Thank you for your valuable arena. I am currently researching the way of LLMs evaluation and got stack with a question about Bradley-Terry model. As it stands, from multiple sources, BT is obtained through maximizing BT likelihood (as well as in your paper). However inside the code, logistic regression is fitted on some kind of "one-hot" matrix, where +1 is model_a and -1 is model_b, and target is 1 in case model_a wins and 0 if model_b wins. Lets neglect controlling length of answer for simplicity, but I can not understand why this is equivalent to BT model.

Could you please explain this or give me some sources where i could find the derivation?

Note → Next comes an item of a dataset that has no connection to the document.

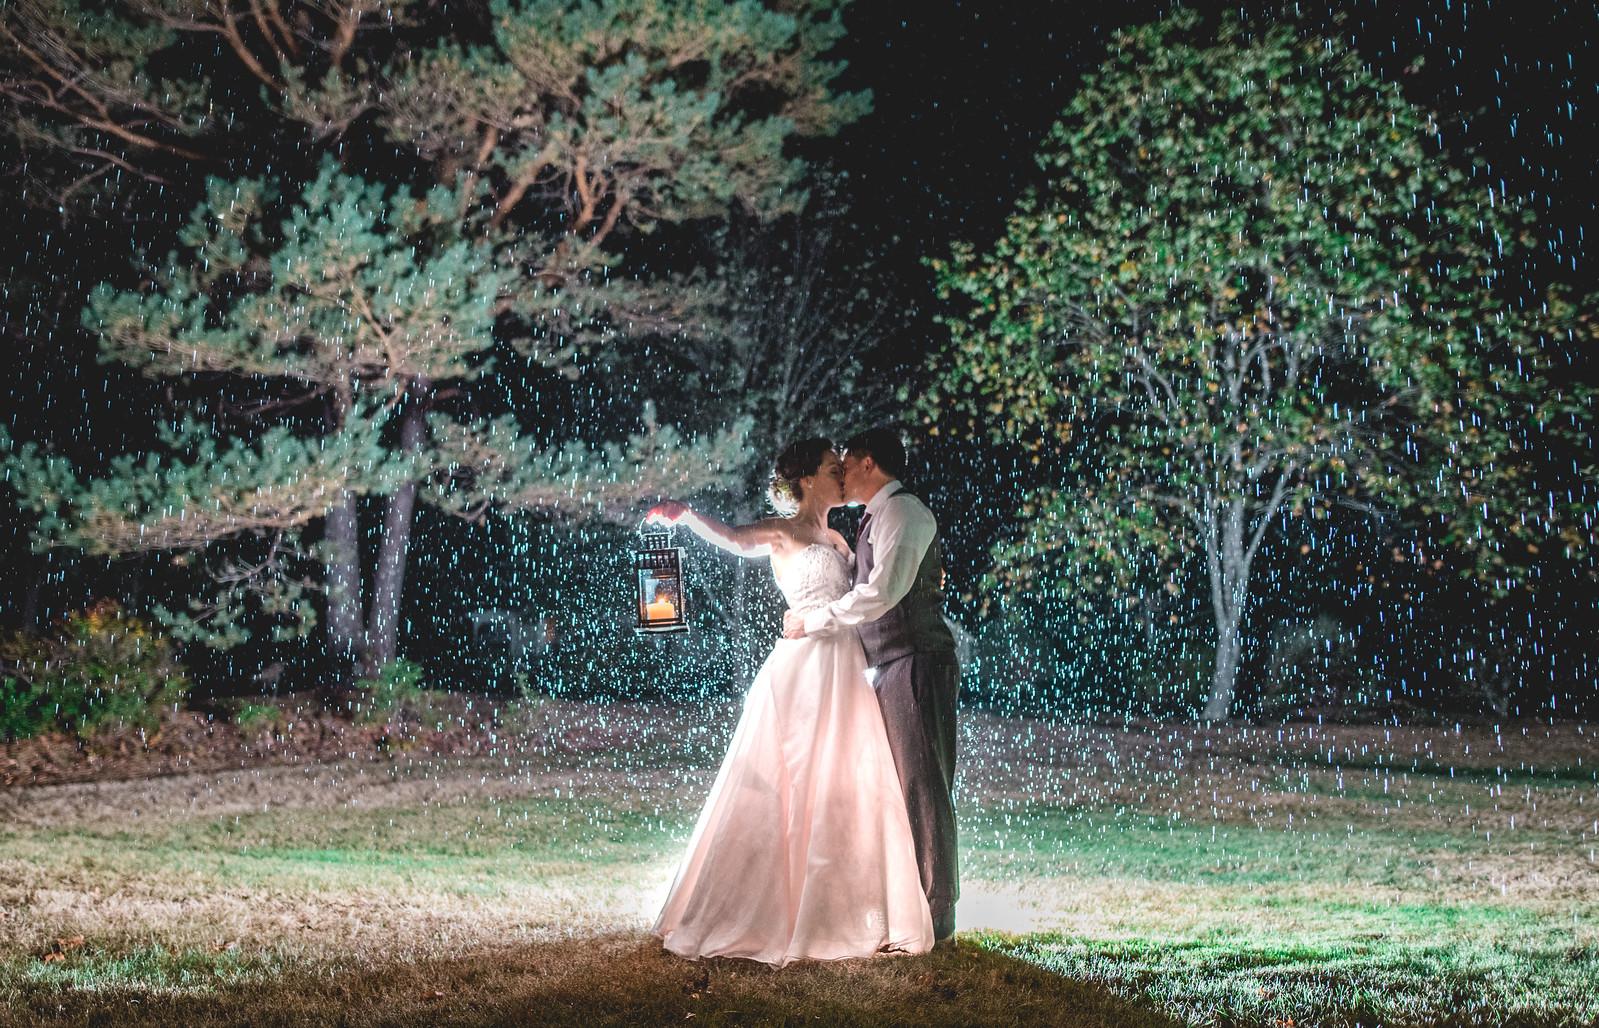 stunning kiss in the rain wedding photography

def compute_elo_mle_with_tie(
    df, SCALE=400, BASE=10, INIT_RATING=1000, sample_weight=None
):
    from sklearn.linear_model import LogisticRegression

    ptbl_a_win = pd.pivot_table(
        df[df["winner"] == "model_a"],
        index="model_a",
        columns="model_b",
        aggfunc="size",
        fill_value=0,
    )
    ptbl_tie = pd.pivot_table(
        df[df["winner"].isin(["tie", "tie (bothbad)"])],
        index="model_a",
        columns="model_b",
        aggfunc="size",
        fill_value=0,
    )
    ptbl_tie = ptbl_tie + ptbl_tie.T
    ptbl_b_win = pd.pivot_table(
        df[df["winner"] == "model_b"],
        index="model_a",
        columns="model_b",
        aggfunc="size",
        fill_value=0,
    )
    ptbl_win = ptbl_a_win * 2 + ptbl_b_win.T * 2 + ptbl_tie

    models = pd.Series(np.arange(len(ptbl_win.index)), index=ptbl_win.index)

    p = len(models)
    X = np.zeros([p * (p - 1) * 2, p])
    Y = np.zeros(p * (p - 1) * 2)

    cur_row = 0
    sample_weights = []
    for m_a in ptbl_win.index:
        for m_b in ptbl_win.columns:
            if m_a == m_b:
                continue
            # if nan skip
            if math.isnan(ptbl_win.loc[m_a, m_b]) or math.isnan(ptbl_win.loc[m_b, m_a]):
                continue
            X[cur_row, models[m_a]] = +math.log(BASE)
            X[cur_row, models[m_b]] = -math.log(BASE)
            Y[cur_row] = 1.0
            sample_weights.append(ptbl_win.loc[m_a, m_b])

            X[cur_row + 1, models[m_a]] = math.log(BASE)
            X[cur_row + 1, models[m_b]] = -math.log(BASE)
            Y[cur_row + 1] = 0.0
            sample_weights.append(ptbl_win.loc[m_b, m_a])
            cur_row += 2
    X = X[:cur_row]
    Y = Y[:cur_row]

    lr = LogisticRegression(fit_intercept=False, penalty=None)
    lr.fit(X, Y, sample_weight=sample_weights)
    elo_scores = SCALE * lr.coef_[0] + INIT_RATING
    if "mixtral-8x7b-instruct-v0.1" in models.index:
        elo_scores += 1114 - elo_scores[models["mixtral-8x7b-instruct-v0.1"]]
    return pd.Series(elo_scores, index=models.index).sort_values(ascending=False)

VityaVitalich avatar Aug 30 '24 07:08 VityaVitalich

I asked a related question earlier about the anchor model. Still waiting for response: https://github.com/lm-sys/FastChat/issues/3377

acylam avatar Sep 02 '24 03:09 acylam

@VityaVitalich I wrote a blog post which includes an explanation of this. The idea is that if you do an exponential reparameterization of the Bradley-Terry strength parameters, the probabilities can be expressed as the sigmoid of the difference in ratings. Then if you construct the X matrix such that each row has only two non-zero entries, with a 1 and a -1 and the competitor indices, then when you do the dot product of that row with the parameter vector (the ratings) it acts to just produce the difference between the two selected ratings.